--- START ---

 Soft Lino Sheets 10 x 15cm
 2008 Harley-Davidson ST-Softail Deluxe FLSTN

--- END ---
--- START ---

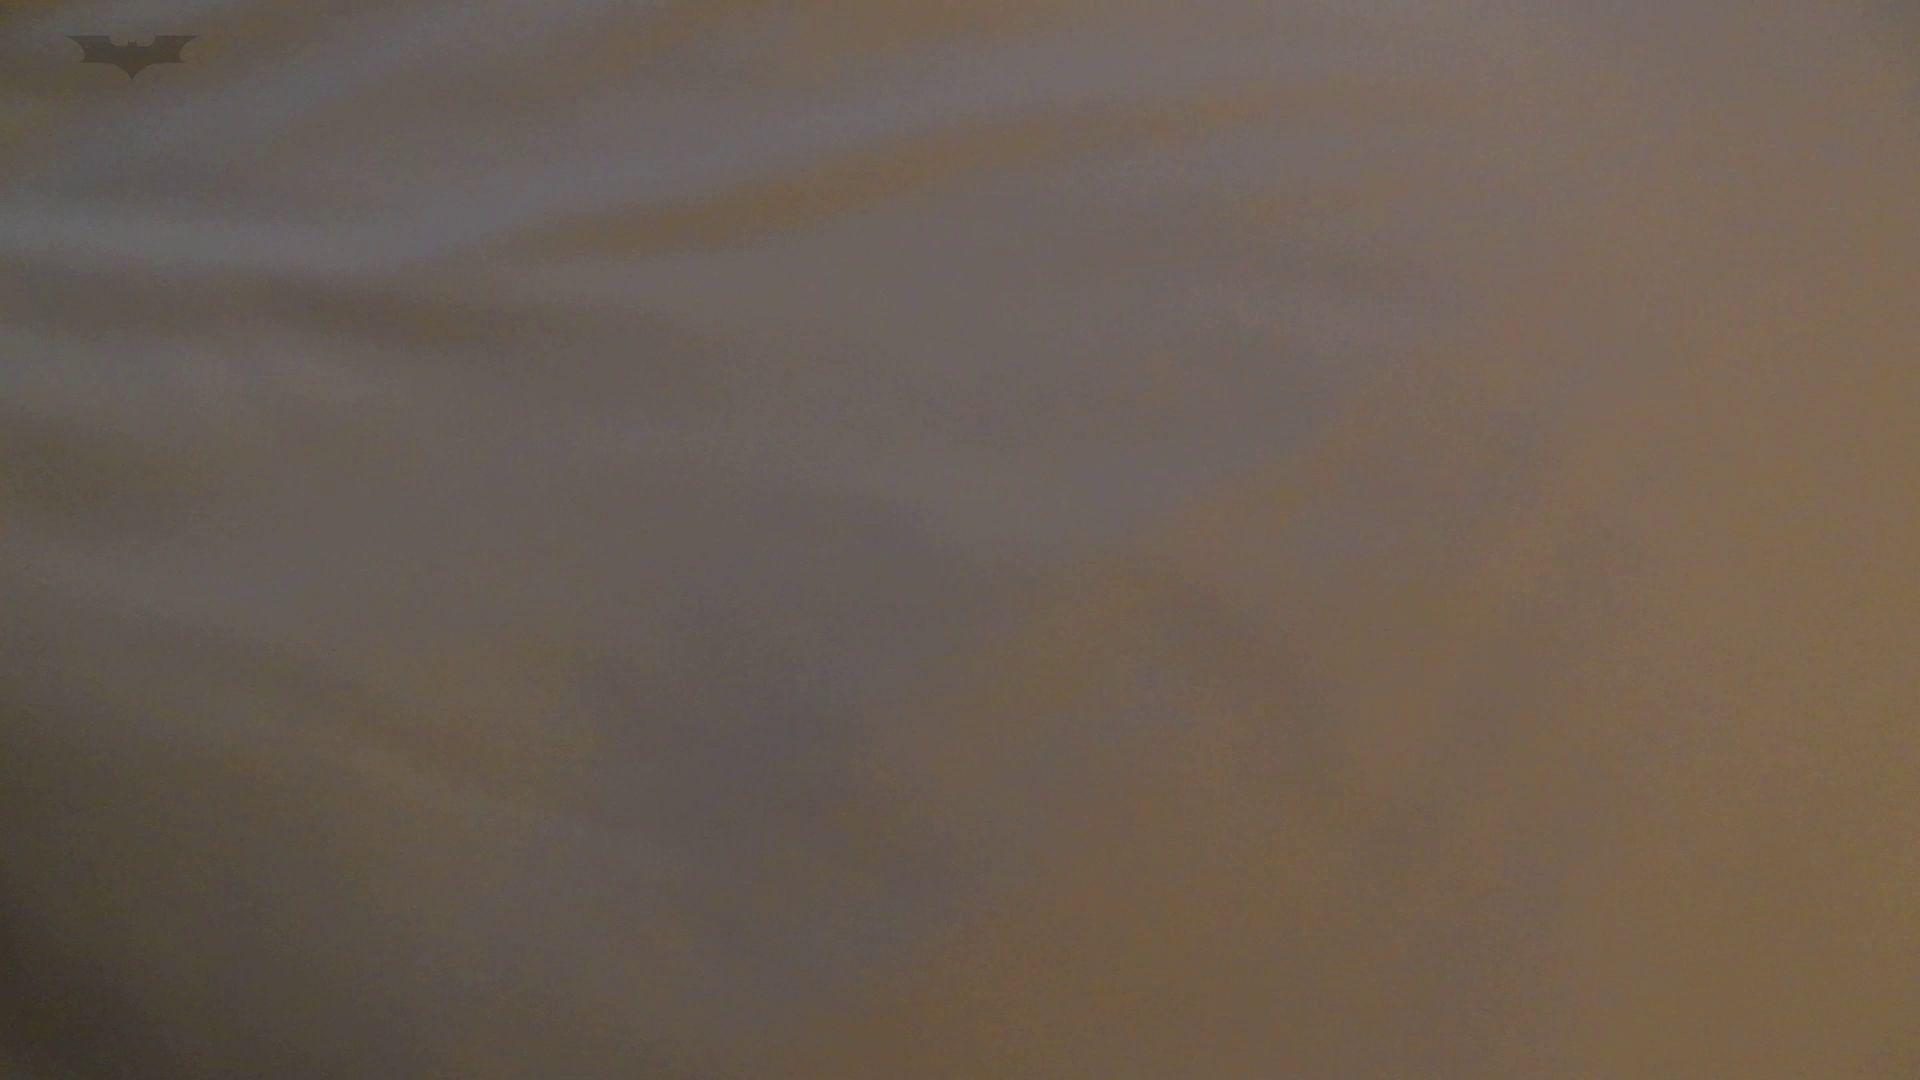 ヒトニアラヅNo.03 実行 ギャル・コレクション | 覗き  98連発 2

--- END ---
--- START ---

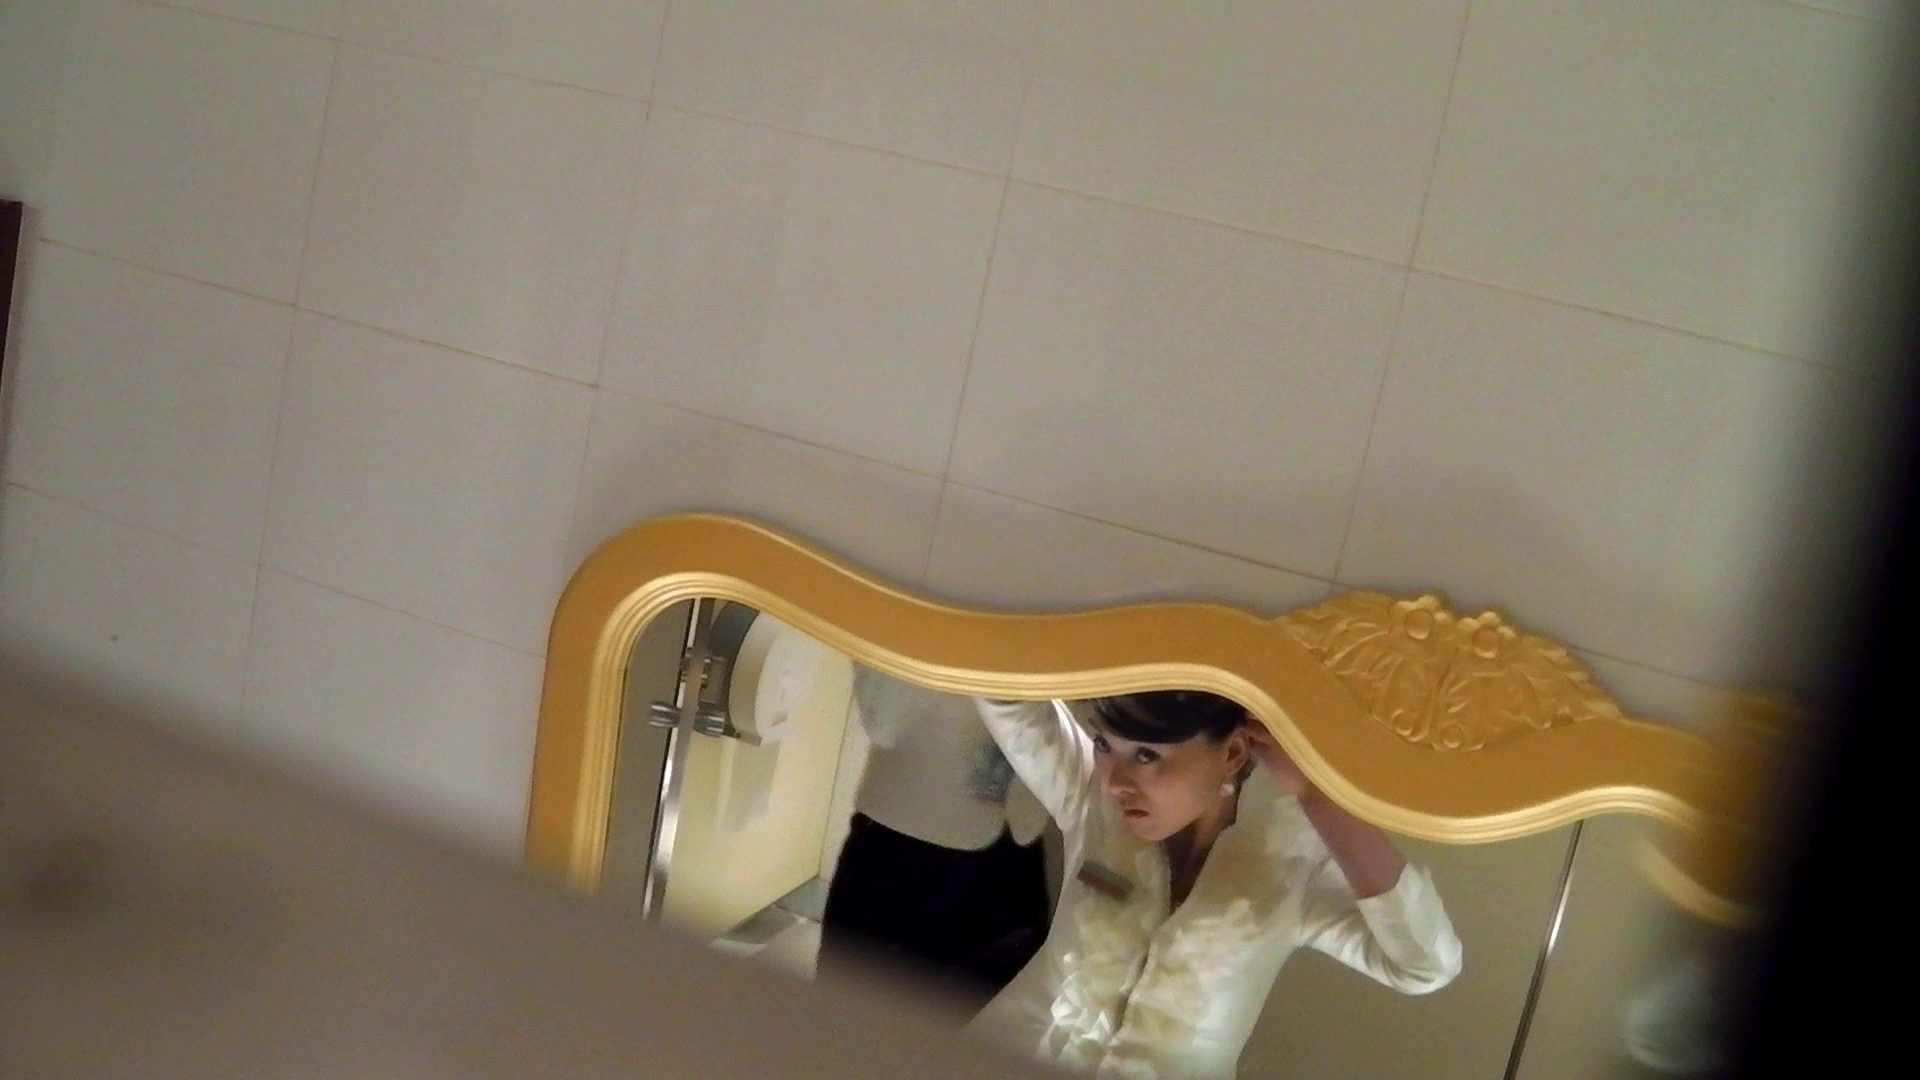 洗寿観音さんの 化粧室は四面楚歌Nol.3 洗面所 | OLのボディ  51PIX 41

--- END ---

Your answer should consist solely of the lines above from the line with "Soft Lino Sheets 10 x 15cm" to the line with "2008 Harley-Davidson ST-Softail Deluxe FLSTN", both included, reproduced exactly.

Answer to the problem ::
 Soft Lino Sheets 10 x 15cm
 2008 Harley-Davidson ST-Softail Deluxe FLSTN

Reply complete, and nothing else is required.